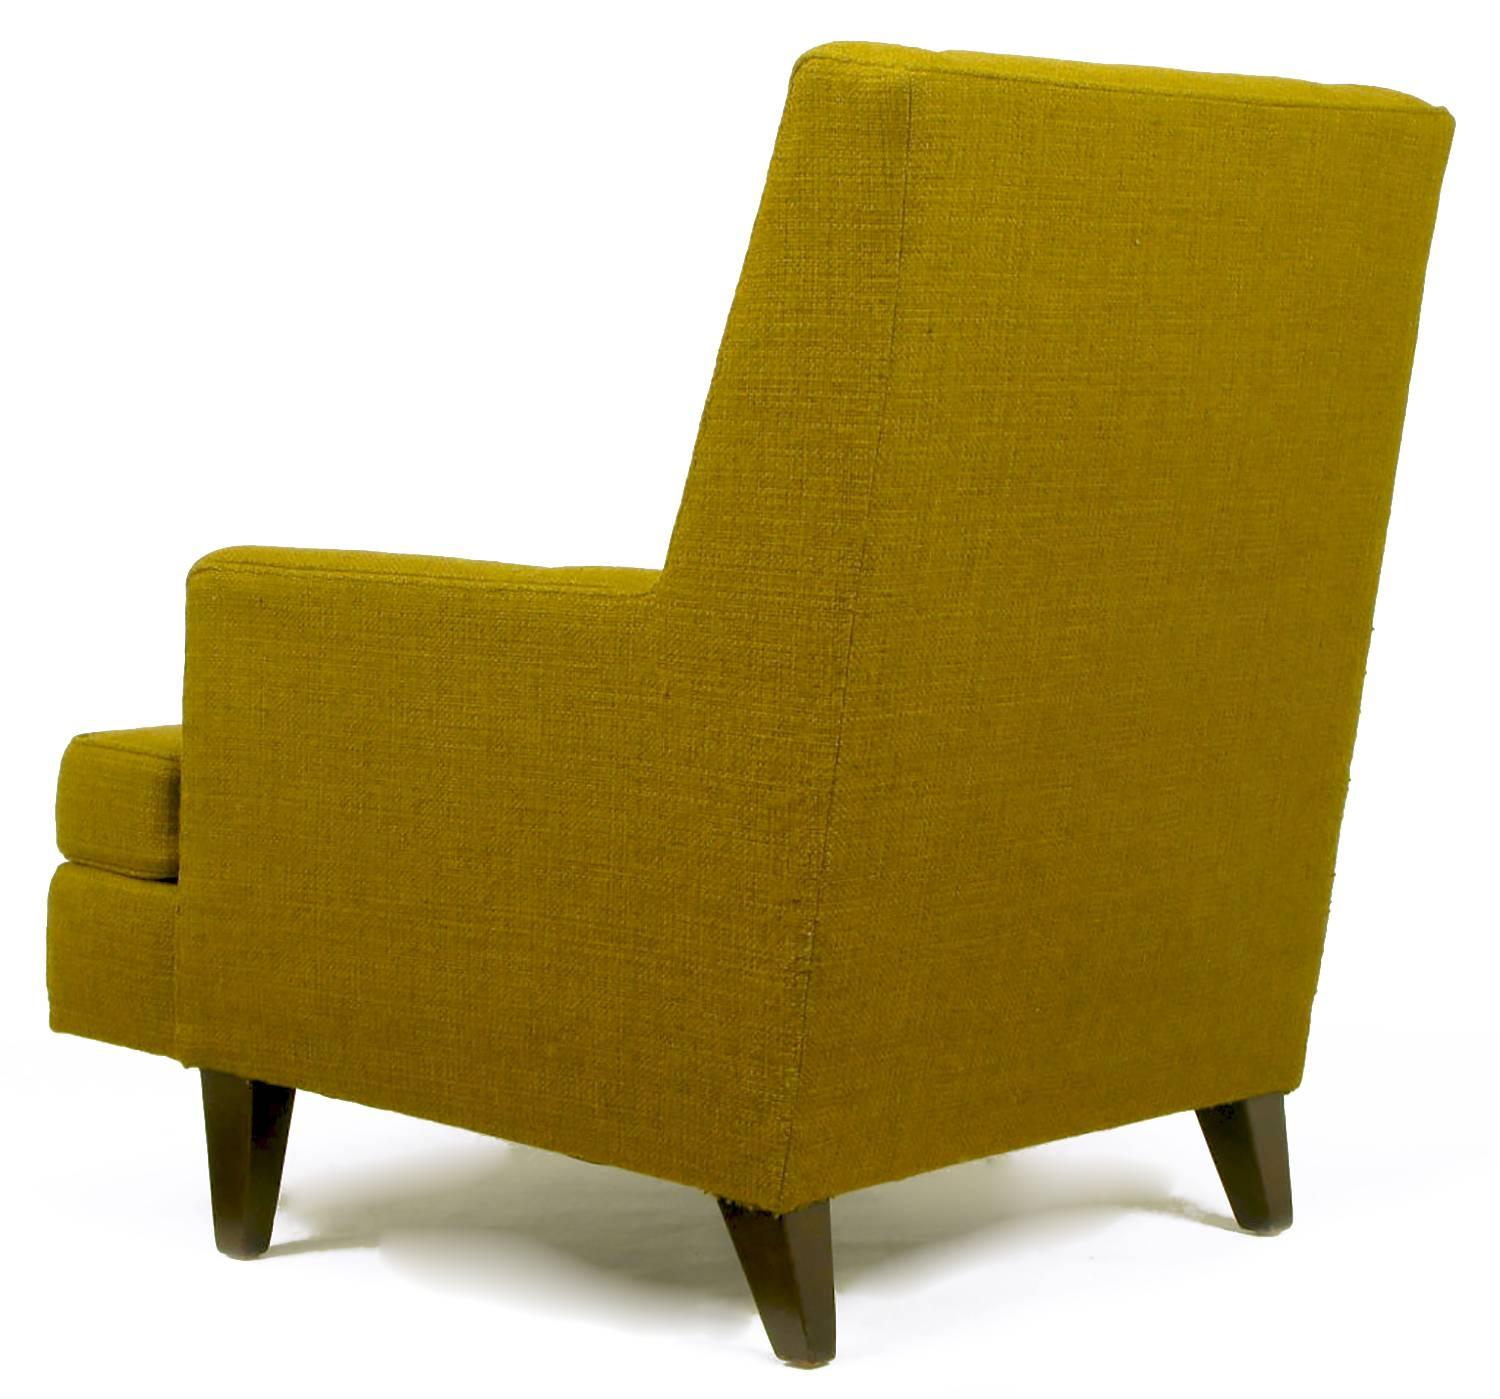 Edward Wormley Lounge Chair in Moss Green Wool Upholstery In Excellent Condition For Sale In Chicago, IL
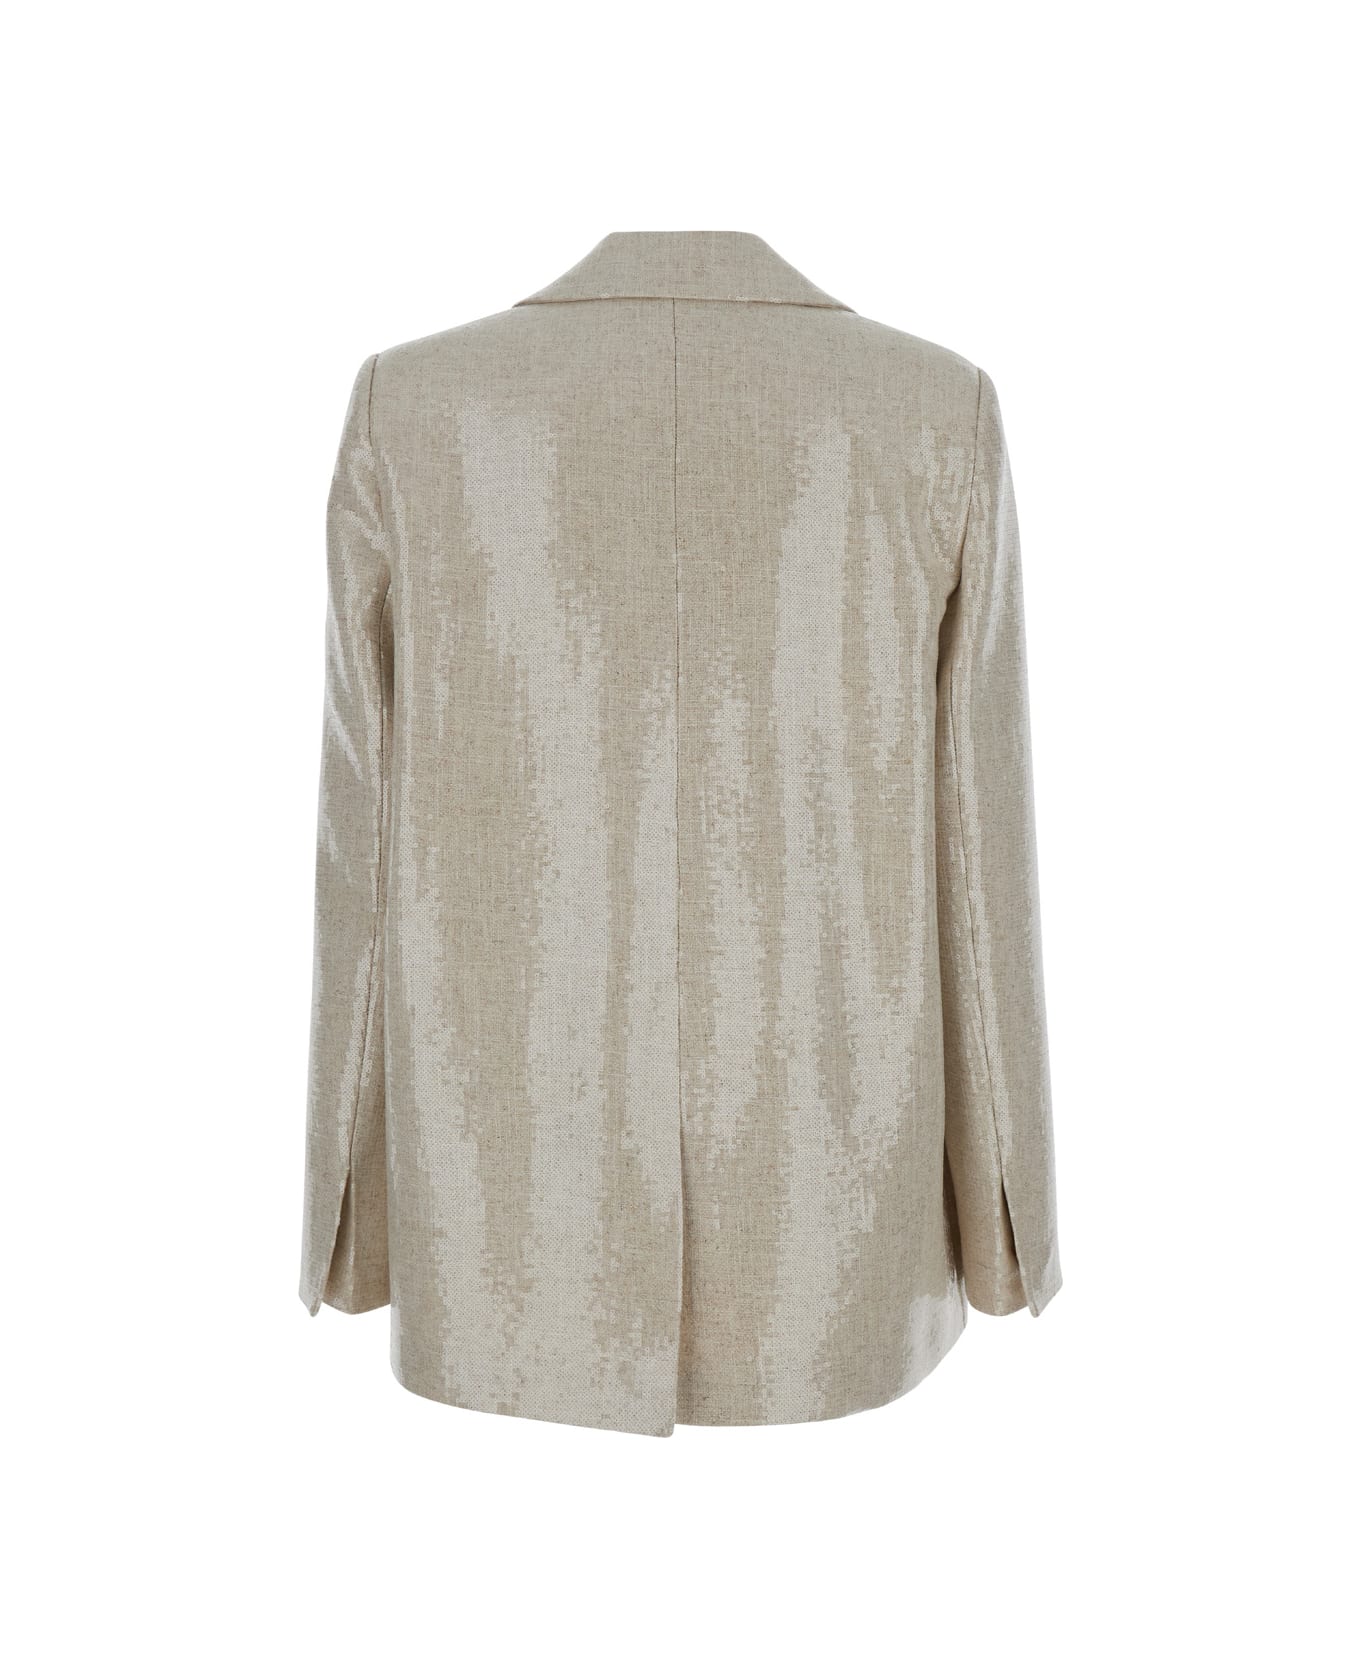 Federica Tosi Beige Blazer With Sequins In Cotton Blend Woman - Beige ブレザー
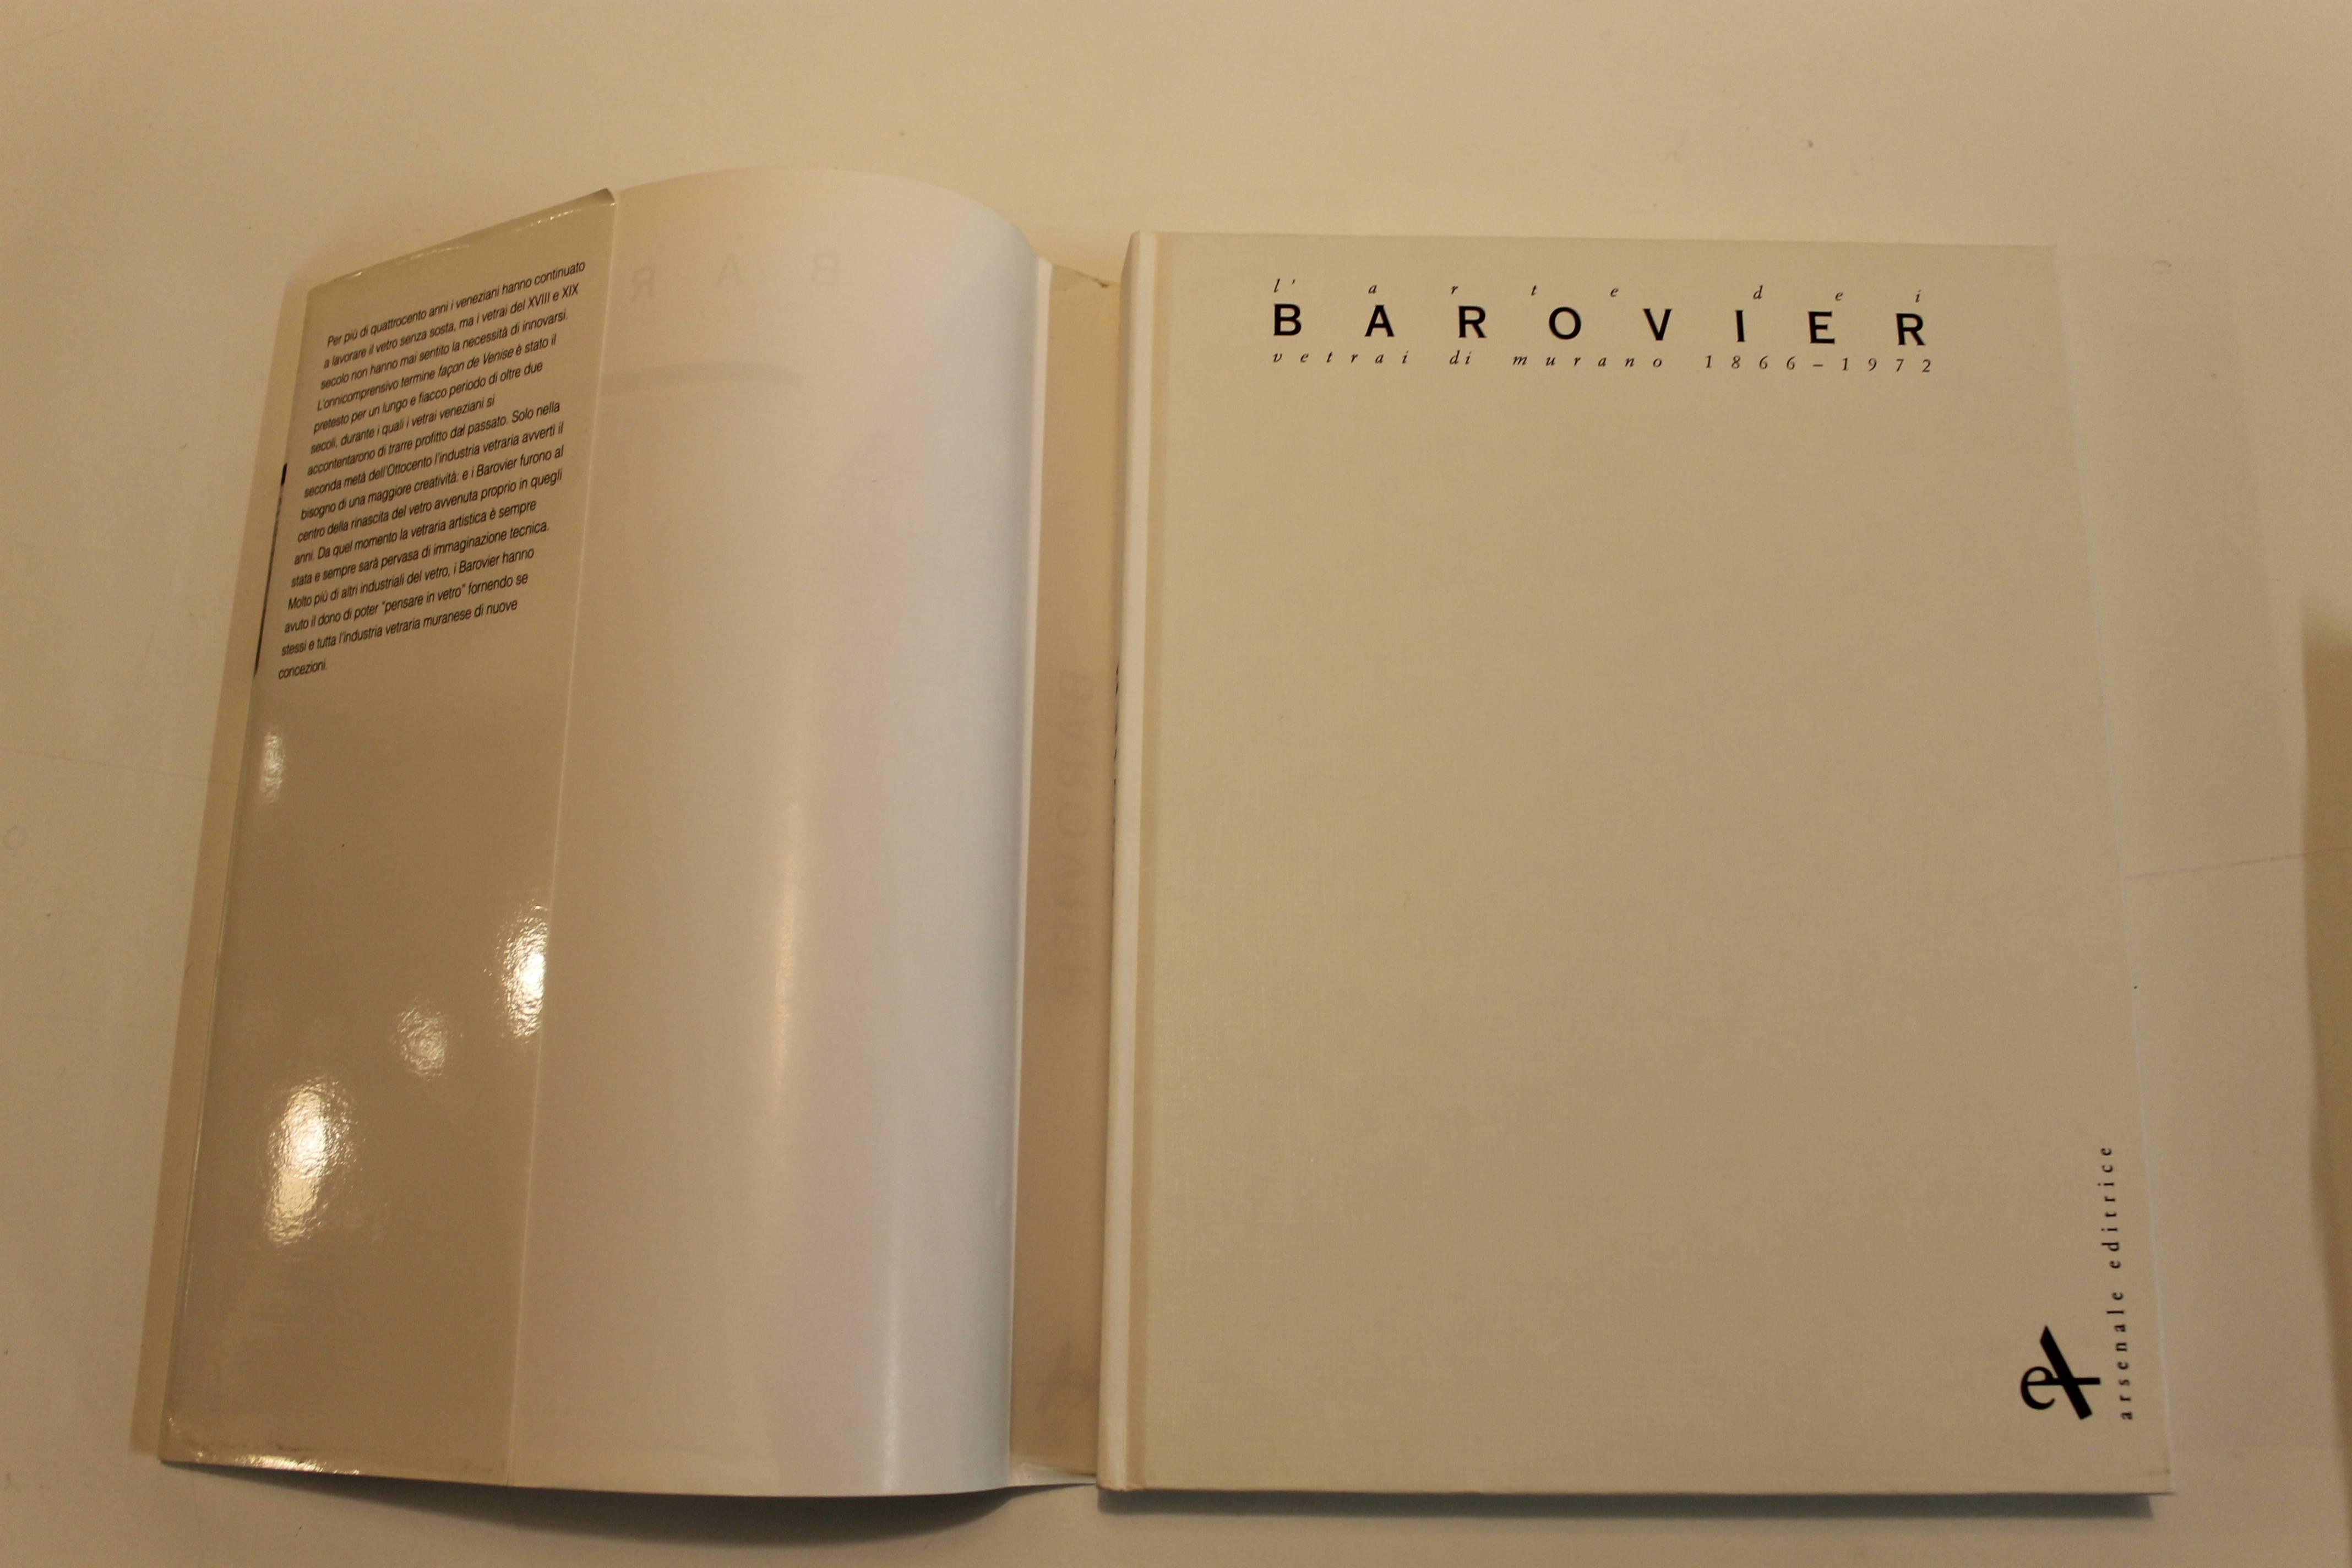 Barovier e Toso book by Marina Barovier 1993.

212 pages with 184 colored illustractions from 1866-1972.

-------------------------

Retype the data in full. Images do not go in the copy.

 Edward Wormley Lounge Chair in Moss Green Wool Upholstery In Excellent Condition For Sale In Chicago, IL
 Federica Tosi Beige Blazer With Sequins In Cotton Blend Woman - Beige ブレザー
 Barovier e Toso book by Marina Barovier 1993.

212 pages with 184 colored illustractions from 1866-1972.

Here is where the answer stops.